Appropriate N-(2-pyridyl)imidazolidin-2-one (0.001 mol) was refluxed with Lawesson’s reagent (0.00075 mol) in anhydrous toluene (8 mL) for 12 h and concentrated under reduced pressure. The residue was extracted with chloroform (2 × 20 mL), dried with anhydrous MgSO4, filtrated and concentrated under reduced pressure. Product was separated from oily residue by use of chromatotron. According above given procedure were obtained following compounds:
1-(2-Pyridyl)imidazolidine-2-thione (4a). Compound 4a was purified by use of chromatotron (eluent: chloroform/ethyl acetate/acetone, 8:1:1, v/v/v); yield 50%; mp. 99–102 °C; IR (KBr) ν [cm−1]: 3196, 3036, 2993, 1591, 1567, 1533, 1466, 1438, 1413, 1347, 1228; 1H-NMR (200 MHz, CDCl3): δ 3.68 (t, 2H, CH2); 4.44 (t, 2H, CH2); 6.96 (bs, 1H, NH); 7.01–7.07 (m, 1H, Ar-H); 7.64–7.73 (m, 1H, Ar-H); 8.33–8.36 (m, 1H, Ar-H); 8.93 (d, J = 8.0 Hz, 1H, Ar-H); 13C-NMR (50 MHz, CDCl3): δ 40.93, 49.43, 116.33, 119.62, 136.69, 147.32, 152.32, 181.27; Anal. Calcd. for C8H9N3S: C, 53.61; H, 5.06; N, 23.44; Found: C, 53.54; H, 4.92; N, 23.37.
1-(6-Methyl-2-pyridyl)imidazolidine-2-thione (4b). Compound 4b was purified by use of chromatotron (eluent: dichloromethane/ethyl acetate, 1:1, v/v); yield 31%; mp. 133–135 °C; IR (KBr) ν [cm−1]: 3222, 3101, 3029, 2974, 1588, 1519, 1456, 1428, 1397, 1346, 1254, 1231; 1H-NMR (200 MHz, (CD3)2SO): δ 2.41 (s, 3H, CH3), 3.53 (t, 2H, CH2), 4.26 (t, 2H, CH2), 6.97 (d, J = 7.3 Hz, 1H, Ar-H), 7.64 (t, 1H, Ar-H), 8.60 (d, J = 8.4 Hz, 1H, Ar-H), 9.00 (s, 1H, NH); 13C-NMR (50 MHz, (CD3)2SO): δ 24.25, 41.05, 49.09, 113.18, 118.54, 137.04, 152.14, 156.09, 180.19; Anal. Calcd. for C9H11N3S: C, 55.93; H, 5.74; N, 21.74; Found: C, 55.86; H, 5.64; N, 21.48.

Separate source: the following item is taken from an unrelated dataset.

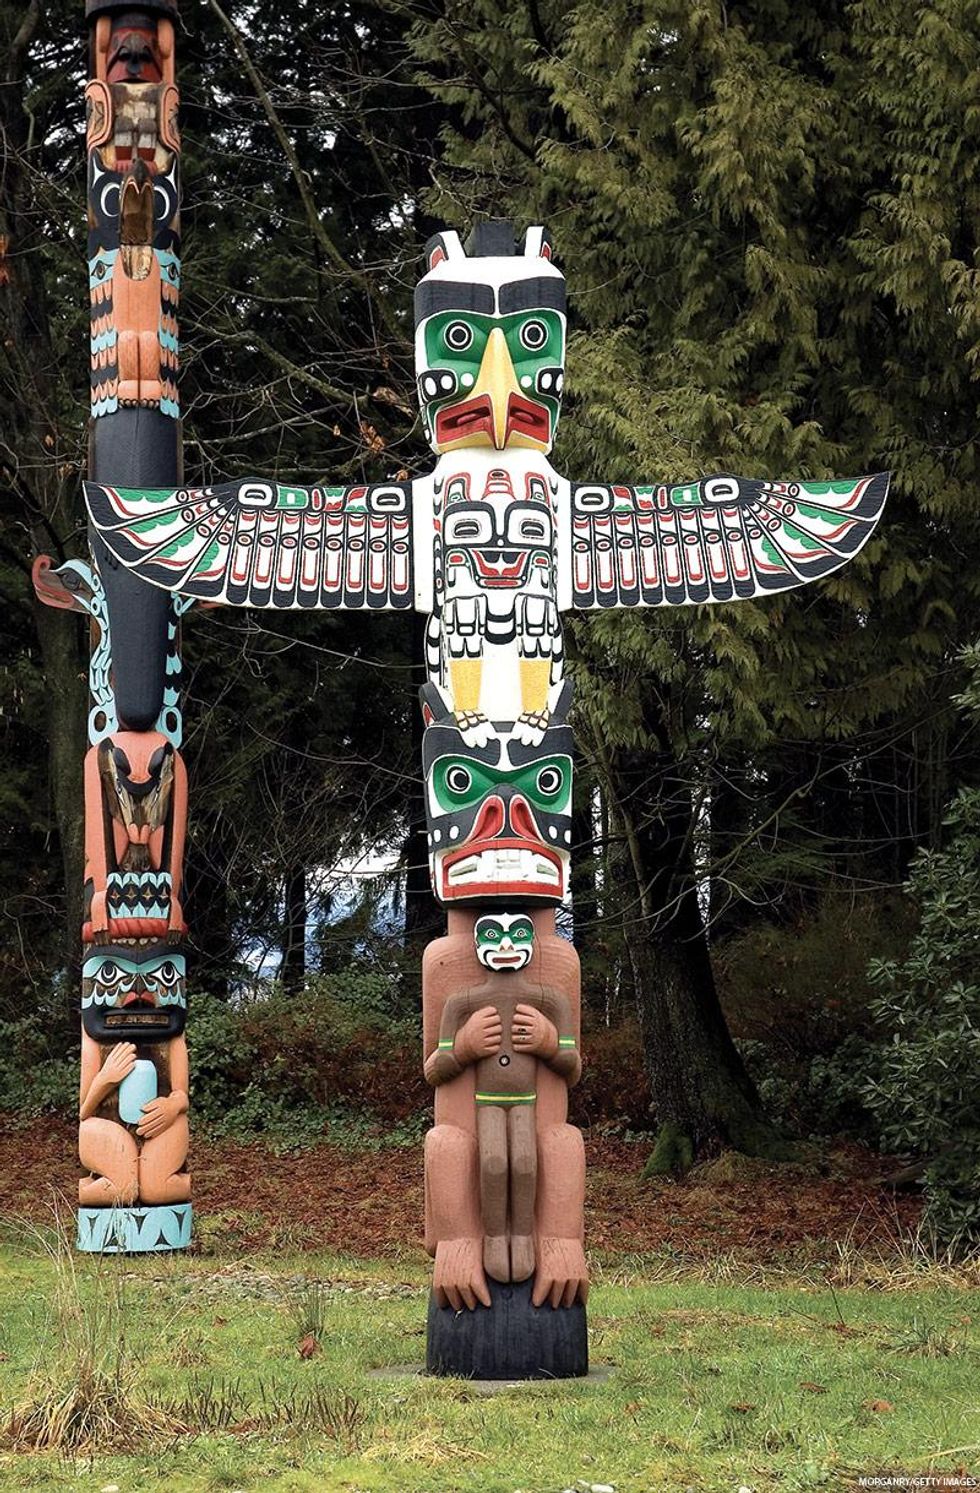 Totem poles in Vancouver British Columbia\u2019s Stanley Park
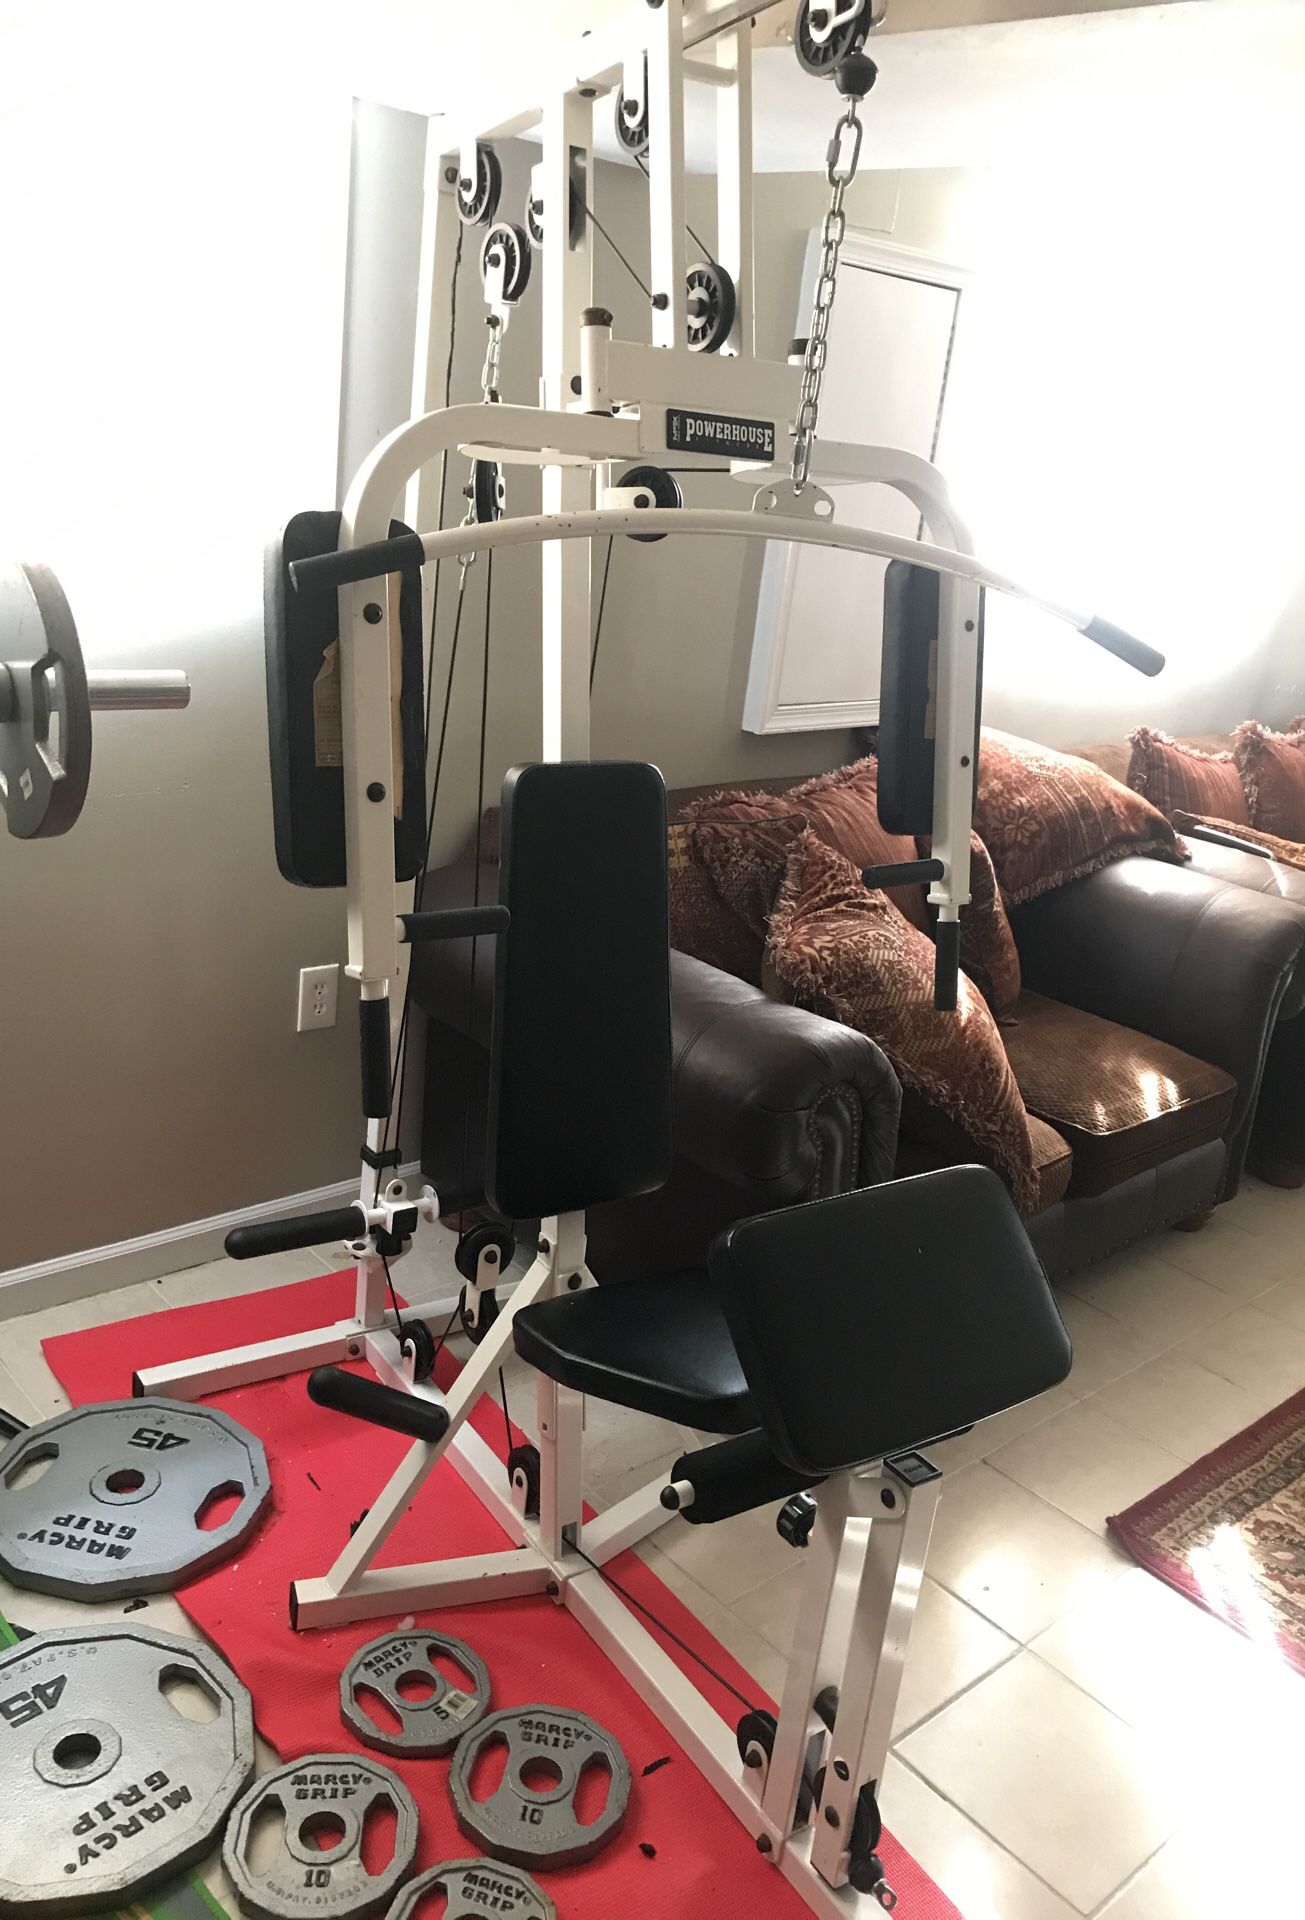 Powerhouse fitness gym equipment

1-(5-Methyl-2-pyridyl)imidazolidine-2-thione (4c). Compound 4c was purified by use of chromatotron (eluent: dichloromethane/ethyl acetate, 7:3, v/v); yield 51%; mp. 200–203 °C; IR (KBr) ν [cm−1]: 3271, 2969, 2904, 1608, 1570, 1514, 1479, 1388, 1341, 1239, 1217; 1H-NMR (200 MHz, (CD3)2SO): δ 2.26 (s, 3H, CH3); 3.53 (t, 2H, CH2); 4.24 (t, 2H, CH2); 7.59 (dd, J1 = 2.1 Hz, J2 = 8.5 Hz, 1H, Ar-H), 8.18 (s, 1H, Ar-H), 8.67 (d, J = 8.5 Hz, 1H, Ar-H), 8.96 (s, 1H, NH); 13C-NMR (50 MHz, (CD3)2SO): δ 17.52, 40.65, 49.12, 115.84, 128.49, 137.28, 147.28, 150.70, 180.15; Anal. Calcd. for C9H11N3S: C, 55.93; H, 5.74; N, 21.74; Found: C, 55.81; H, 5.63; N, 21.68.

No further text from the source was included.